The Ghosts of Christmas Past, Present and Future have announced that they’re not even going to bother trying to get Theresa May to mend her ways this year.
Since Victorian times, the three ghosts have traditionally attempted to get the meanest, most cruel and unpleasant people in the country to change their ways, however with Theresa May, they believe that it would be a complete waste of time.
“Ebenezer Scrooge was the most awful man in London,” boomed the Ghost of Christmas Present.
“Tight-fisted, cruel, and dreadful to the core. But still, we always felt like there was a slim chance we could do some good with him. But, Theresa May? Let’s be serious.”
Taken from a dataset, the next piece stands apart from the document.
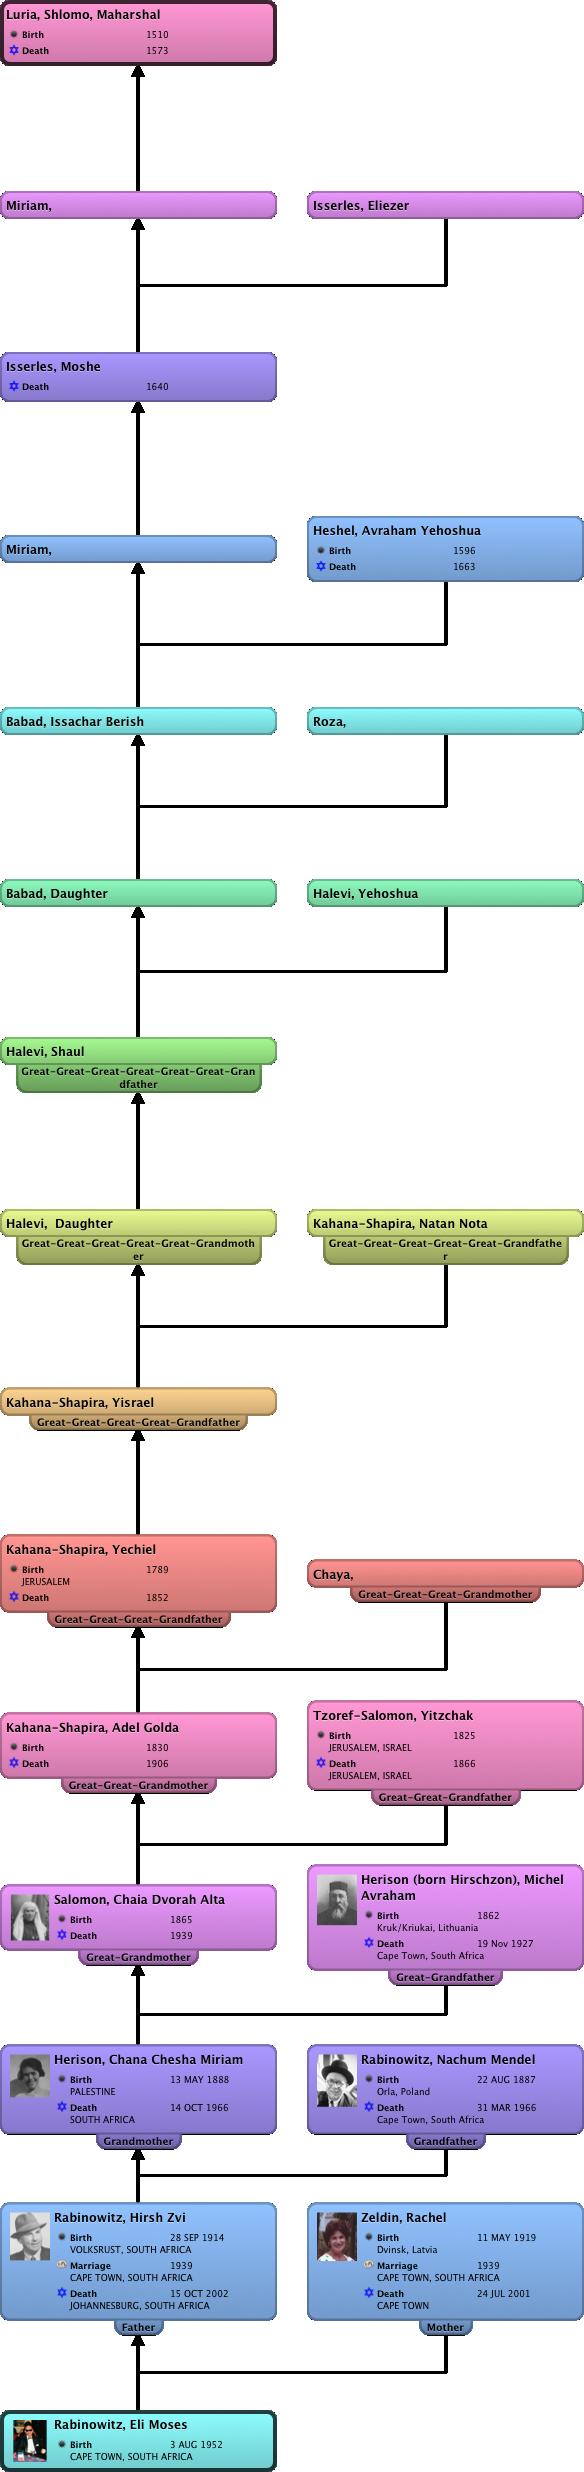 Relationship Chart Rabinowitz, Eli Moses :Luria, Shlomo, Maharshal

The ghost, known to friends as Simon Williams, went on to explain that they had started work on a series of visions to make the Prime Minister change her ways.
He said, “The problem was, it’s would have taken until Boxing Day to get through all the awful things she’s done in the past. The ‘immigrants go home’ thing, that time she slagged off the policemen, running through that wheat field.
“It would have just taken us absolutely ages.”
Instead, the ghosts have decided that they’ll just take the evening off and do something a little less stressful.
“No, we thought about giving a Boris a try, but that would be an even bigger job than Theresa May, so we’re just going to stay at home on Christmas with some cans in and the Mrs Brown’s Boys special on telly.”